About this task: Starting with the line that has "La comida casera" in the records below and ending with the line that has "Stock Transfer Ledger", output those lines exactly and nothing more; omit the pictures.

Extracted information:
* * * * * * * * *

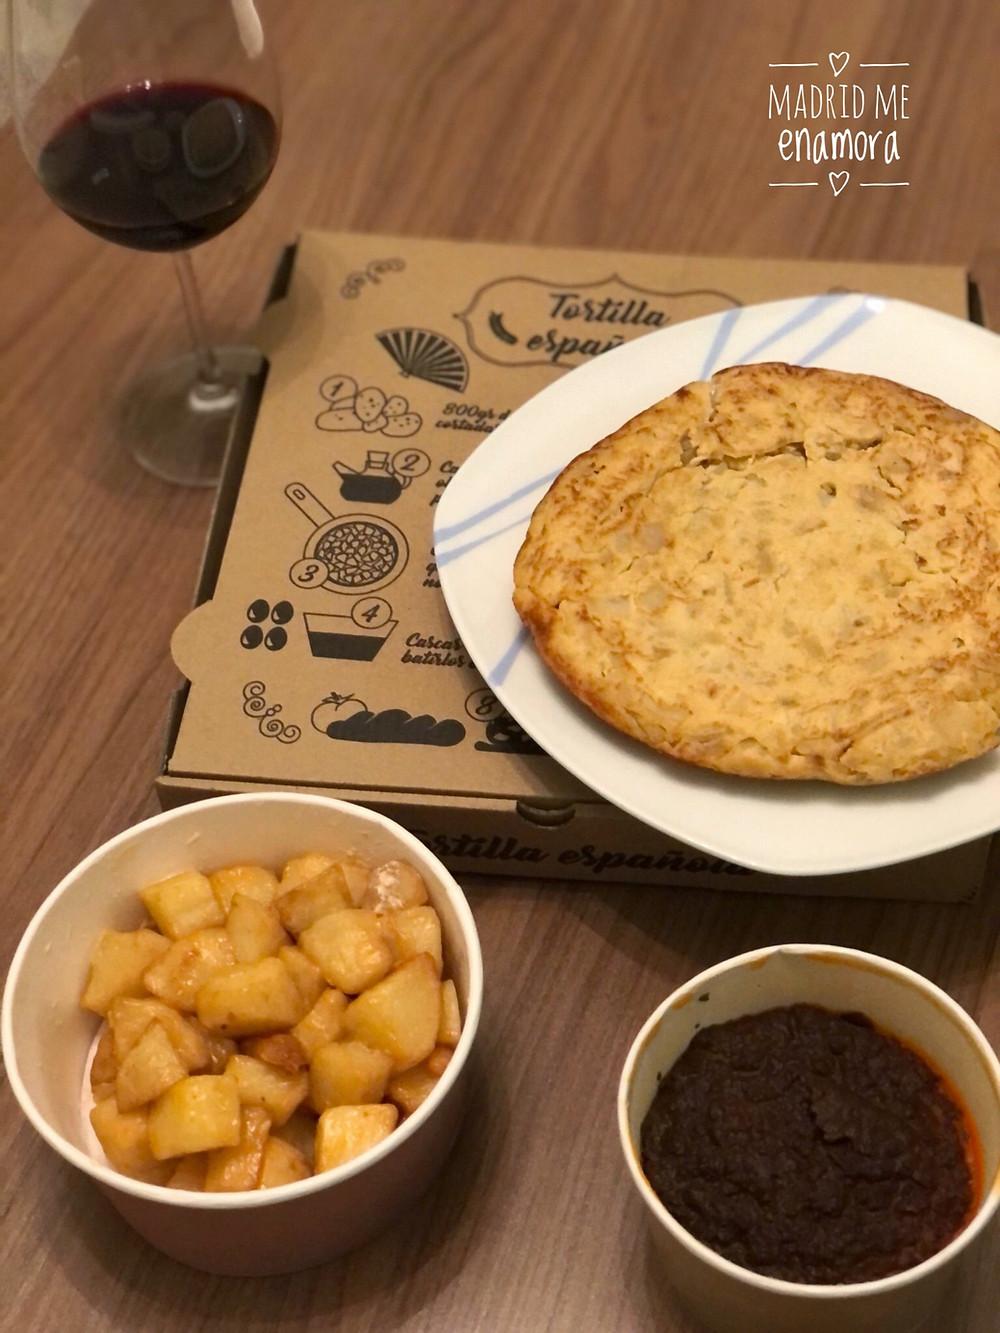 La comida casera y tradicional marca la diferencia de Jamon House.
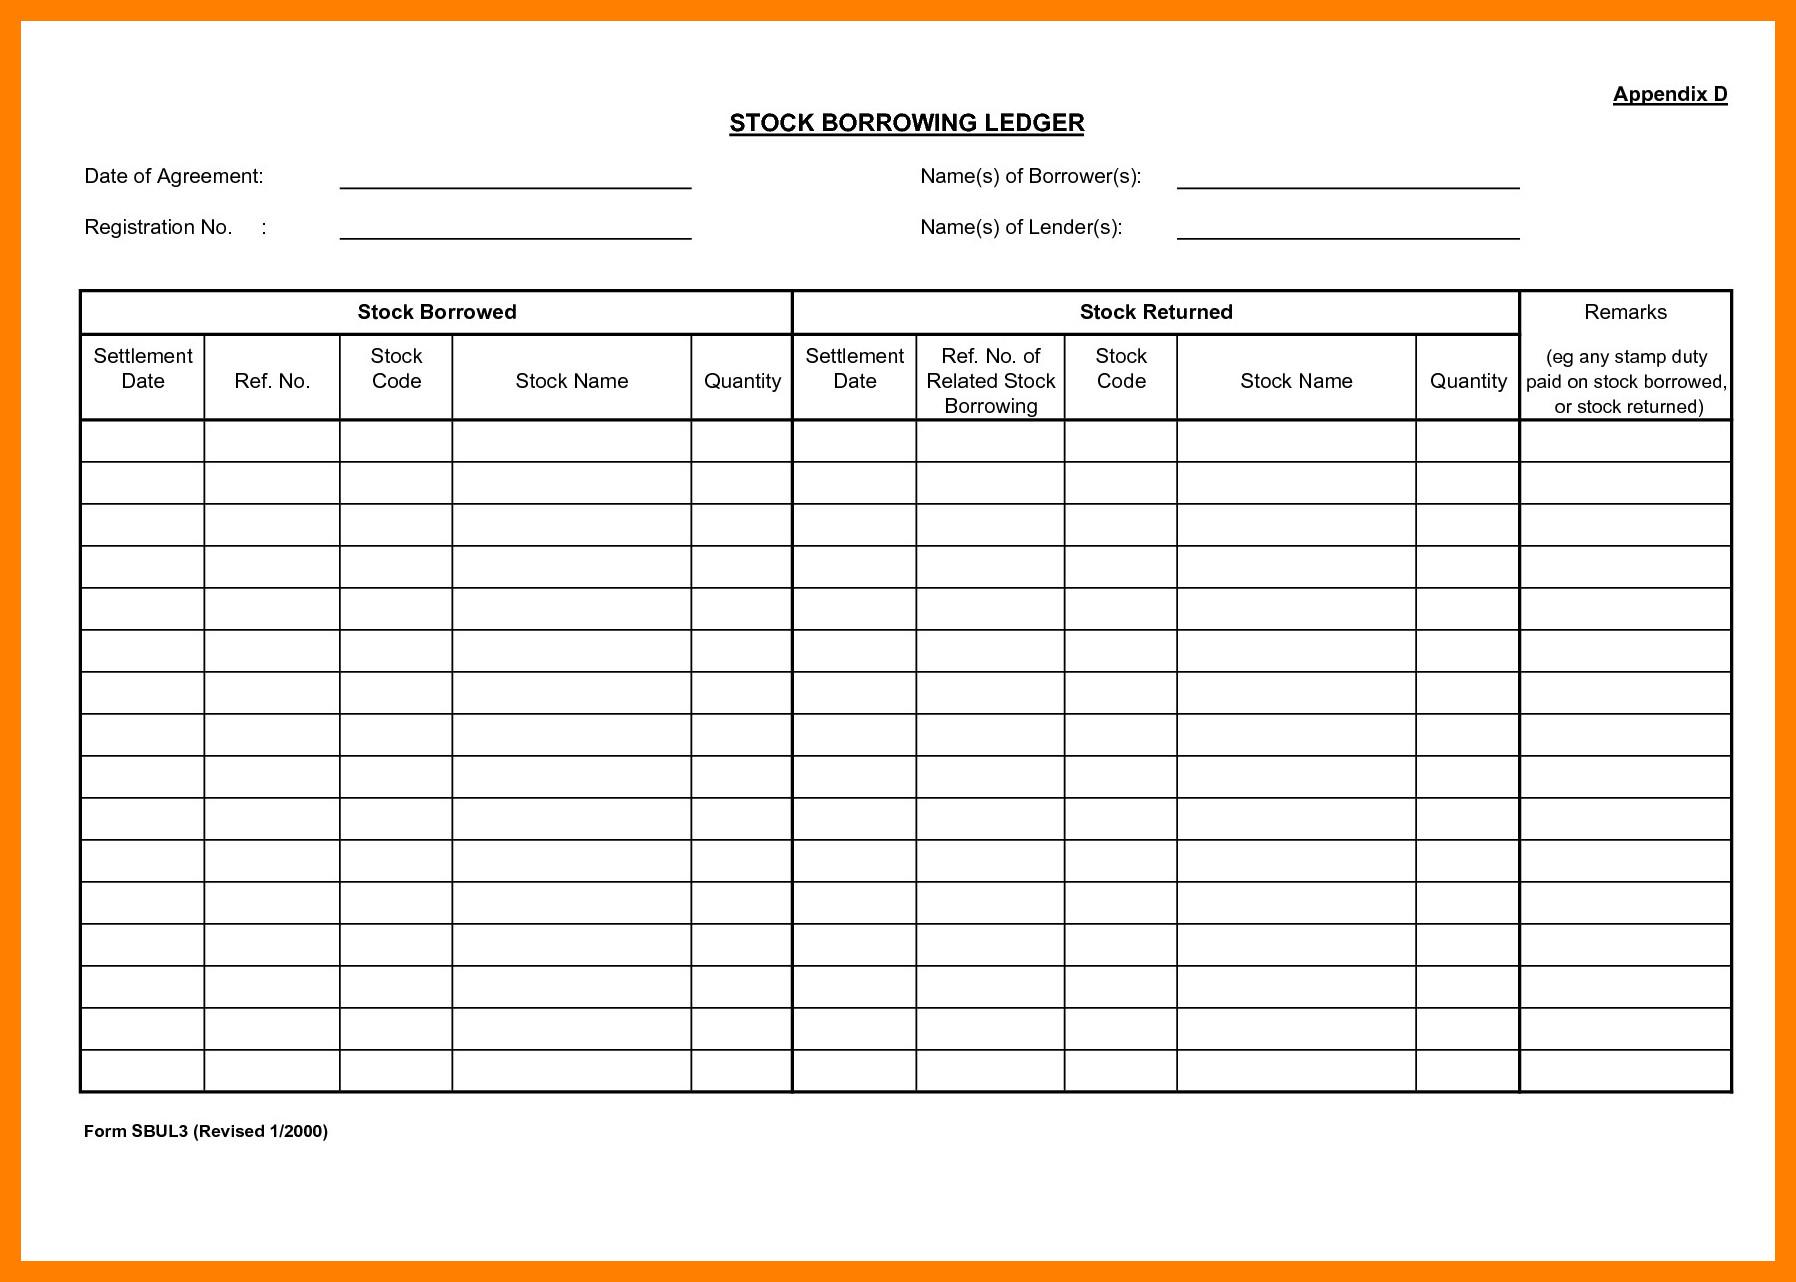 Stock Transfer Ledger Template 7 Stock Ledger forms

* * * * * * * * *

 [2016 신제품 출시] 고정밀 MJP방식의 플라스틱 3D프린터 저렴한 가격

* * * * * * * * *

Output of the task:
 La comida casera y tradicional marca la diferencia de Jamon House.
 Stock Transfer Ledger Template 7 Stock Ledger forms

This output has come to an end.